RECORDS TO USE:
● ● ● ●

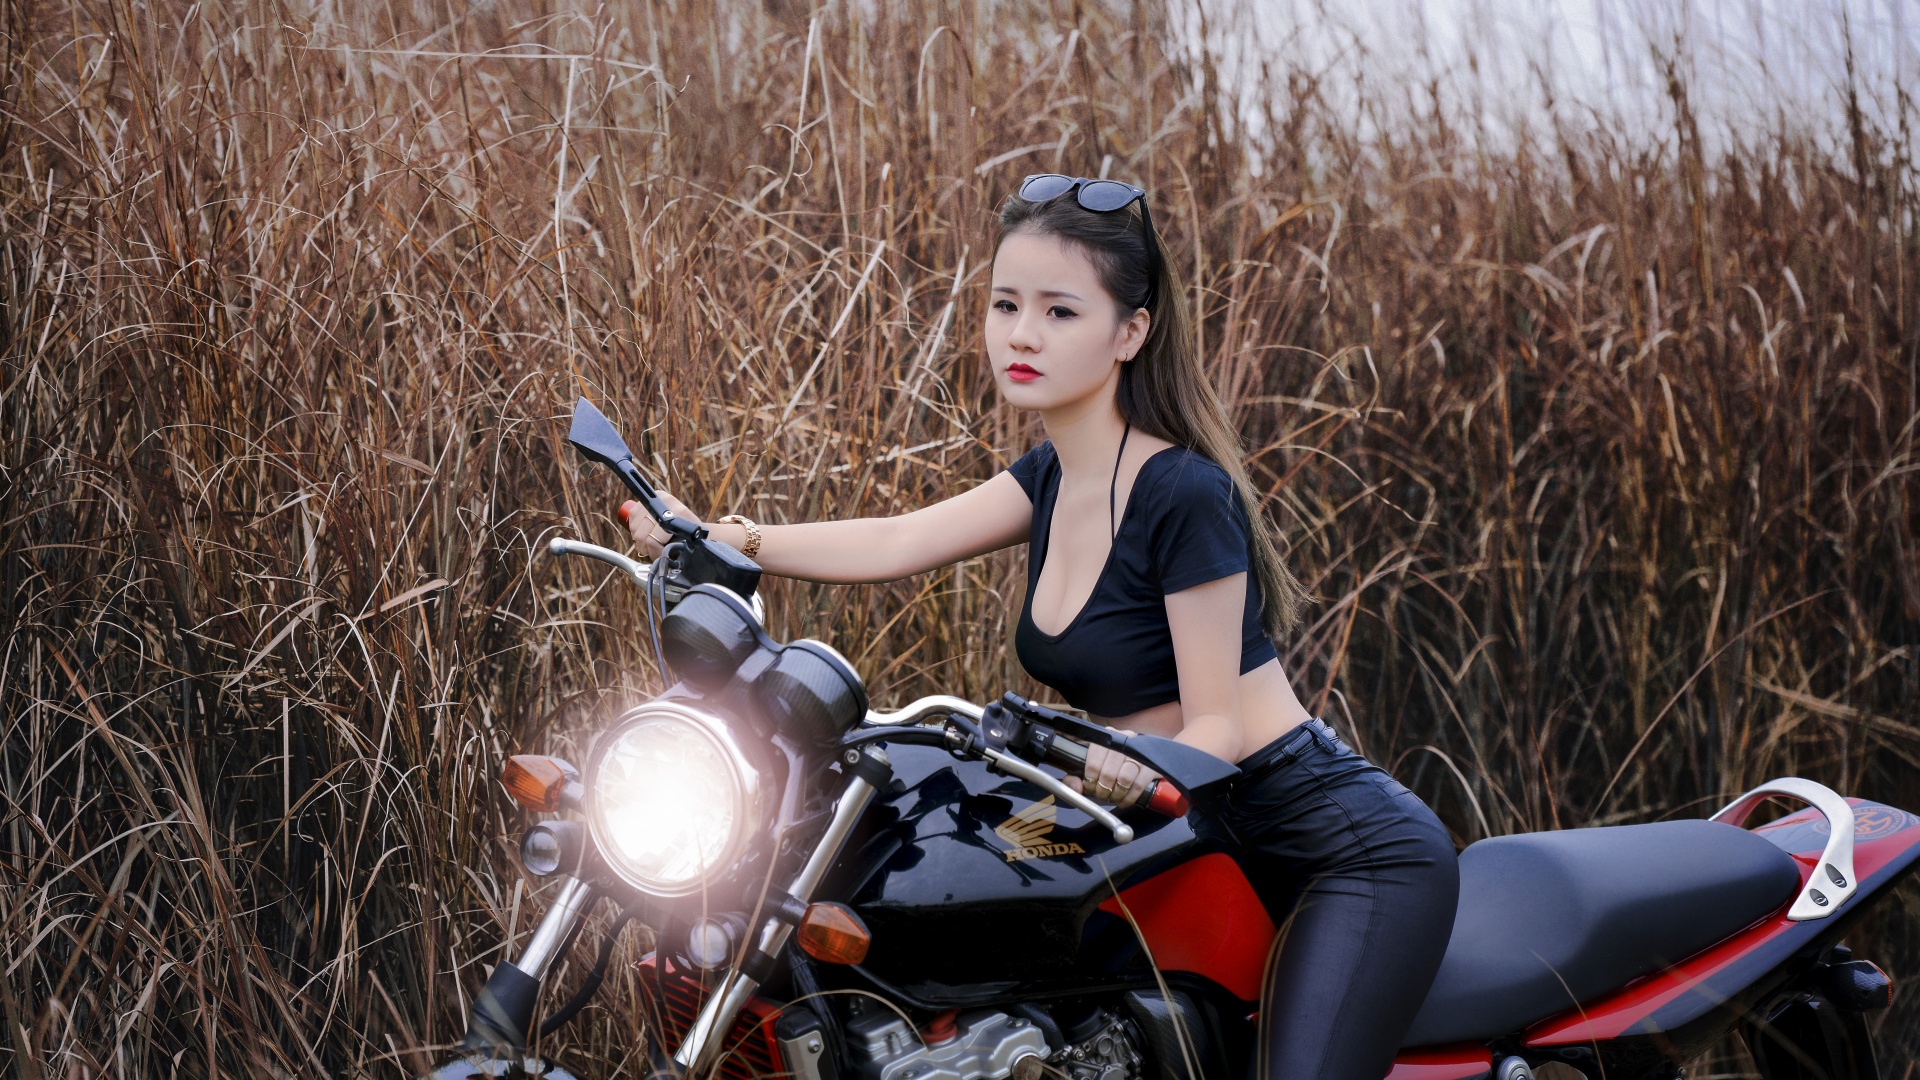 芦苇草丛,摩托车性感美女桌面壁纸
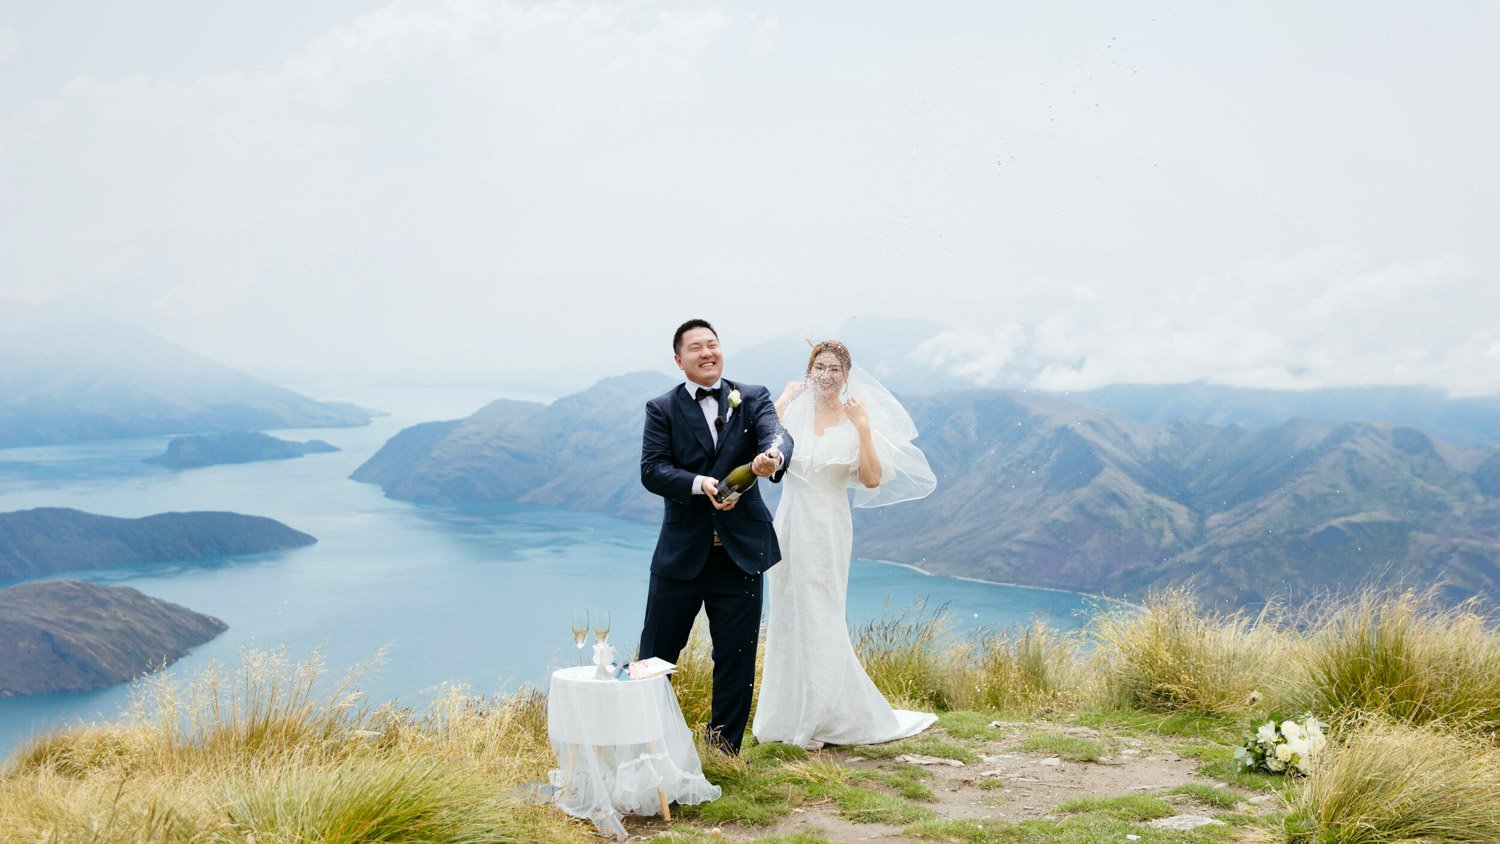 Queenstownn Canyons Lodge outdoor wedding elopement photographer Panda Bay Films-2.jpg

● ● ● ●

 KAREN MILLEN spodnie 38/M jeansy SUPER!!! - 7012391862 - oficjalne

● ● ● ●

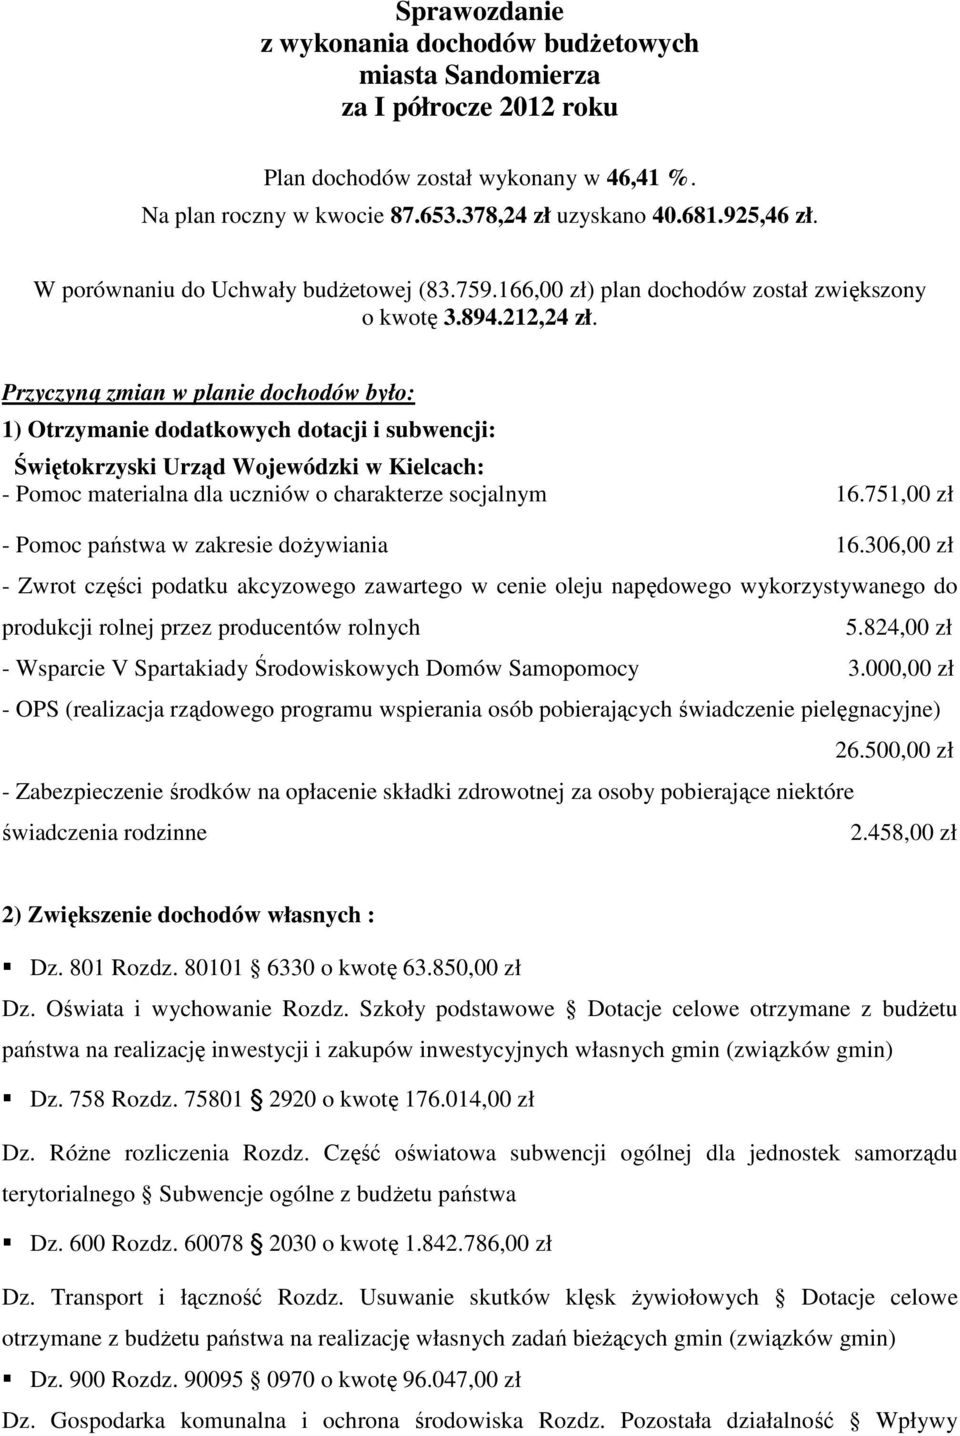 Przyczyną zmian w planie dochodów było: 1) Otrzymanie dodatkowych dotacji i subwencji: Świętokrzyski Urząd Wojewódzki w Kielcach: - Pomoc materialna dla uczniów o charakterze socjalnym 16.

● ● ● ●

WORK TO BE COMPLETED:
From the data above, return only the lines starting at the line that holds "芦苇草丛,摩托车性感美女桌面壁纸" and ending at the line that holds "Queenstownn Canyons Lodge", word for word and without pictures.

ANSWER SECTION:
 芦苇草丛,摩托车性感美女桌面壁纸
 Queenstownn Canyons Lodge outdoor wedding elopement photographer Panda Bay Films-2.jpg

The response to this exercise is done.